Holiday Stress
Exercise Away Holiday Stress
CPT Sarah Flash, ACES, Registered Dietitian
The holiday season can result in added stress due to time crunches and demanding schedules. In addition to the usual routine, now there is additional shopping, baking, and holiday parties. To make more time, you may be tempted to cut exercise from your routine. Don’t make this terrible mistake! Physical activity can help relieve the stress of the holidays, not to mention exercising away all those calories in holiday goodies. Shoot for thirty minutes of aerobic activity most days of the week in addition to muscle strengthening and flexibility exercises. Use those thirty minutes to recharge your spirits and organize what you need to do. Choose physical activities that you love to do and include your Family in the activities. Get your kids into the act early – and they will enjoy a lifetime of fitness and fun! How about this holiday gift idea – give a gym bag packed with exercise gear such as water bottle, clothes, videos or other pertinent items.
In addition to keeping activity in your routine, remember to stay hydrated. With the colder weather, you lose water as your body works to stay warm, so include plenty of water-based fluids – eight to twelve cups per day. Remember alcohol and caffeine-containing beverages like coffee can be dehydrating and are not as effective for hydrating.
Eating patterns are also important. During periods of stress, some people will eat less, some may eat more, and others may turn to alcohol or subsist on coffee. Each scenario can cause an imbalance of neurotransmitters resulting in mind and body that looks, feels, and reacts poorly. Timing of meals is important. Skipping meals exhausts glucose reserves leaving your brain and body with an energy deficit. Eating every 4-6 hours refuels your mind and body and replenishes those glycogen stores. Choose carbohydrate snacks like pretzels, bagels, fruits, vegetables, yogurt, crackers or cereal to meet your nutritional demands between meals.
Have you ever gotten sick while under a lot of stress? Stress reduces the ability to fight colds, infections, and disease, leaving your body vulnerable to attack. Eating a diet with plenty of fruits, vegetables, and whole grains is protective against the harmful affects of stress. Antioxidants and phytochemicals are substances found naturally in plant foods that can boost immune function and reduce the risk of disease. Some good food sources of antioxidants and phytochemicals include broccoli, tomatoes, carrots, spinach, greens, peppers, sweet potatoes, cantaloupe, pumpkin, apricots and soy. Keep fruits and vegetables readily accessible and grab some for the road!

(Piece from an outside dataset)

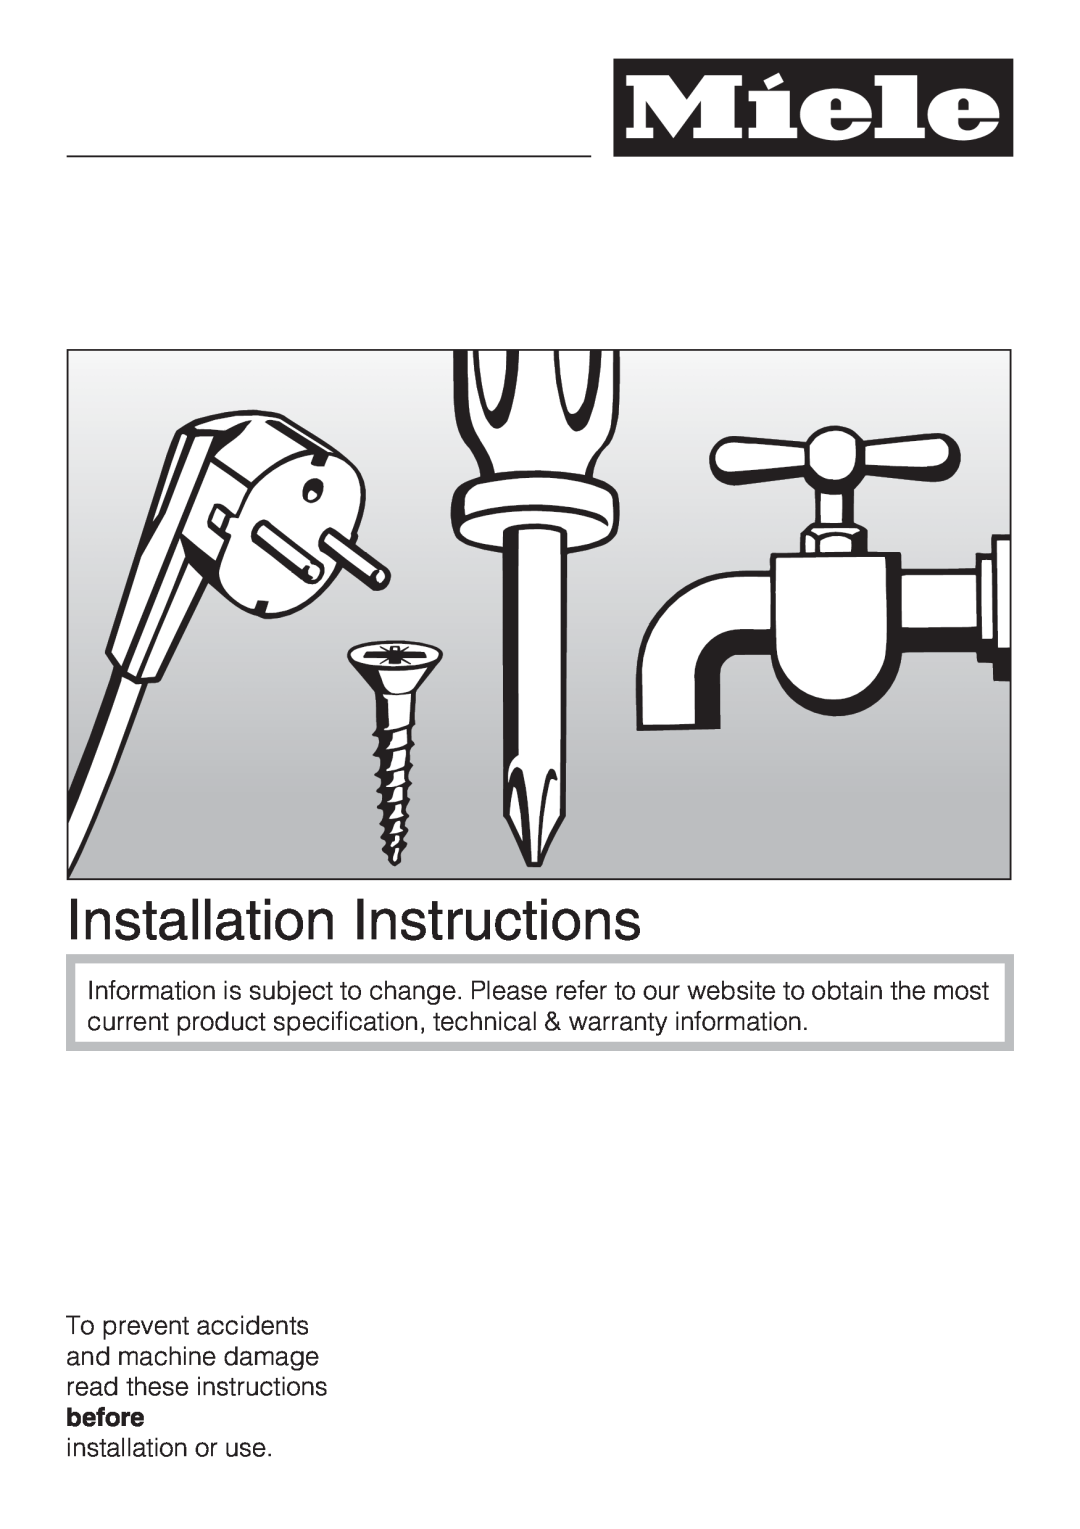 Miele F 1411 Vi installation instructions Installation Instructions

Combat Stress and Depression with Good Eating Habits
CPT Sarah Flash, Registered Dietitian
Depression and stress are not caused by a poor diet, but a link between food and mood can exist.
When one becomes depressed, energy level and drive are much lower than usual. Enthusiasm for most
things, including meals, is lost. Healthy eating practices can suffer as a result. Carbohydrates are an
important component to a healthy diet to combat depression and should comprise 50-60% of daily
intake. Carbohydrates increase the brain’s production of serotonin which heightens feelings of well-being
and mood. Carbohydrates come from plant foods like fruits, vegetables, beans and whole grains
and also are supplied in milk. When under stress or depressed, avoid alcohol. Many people think
alcohol makes them feel "good," but it is actually a depressant. Consuming alcohol can contribute to
nutritional deficiencies of vitamins needed for good mental health.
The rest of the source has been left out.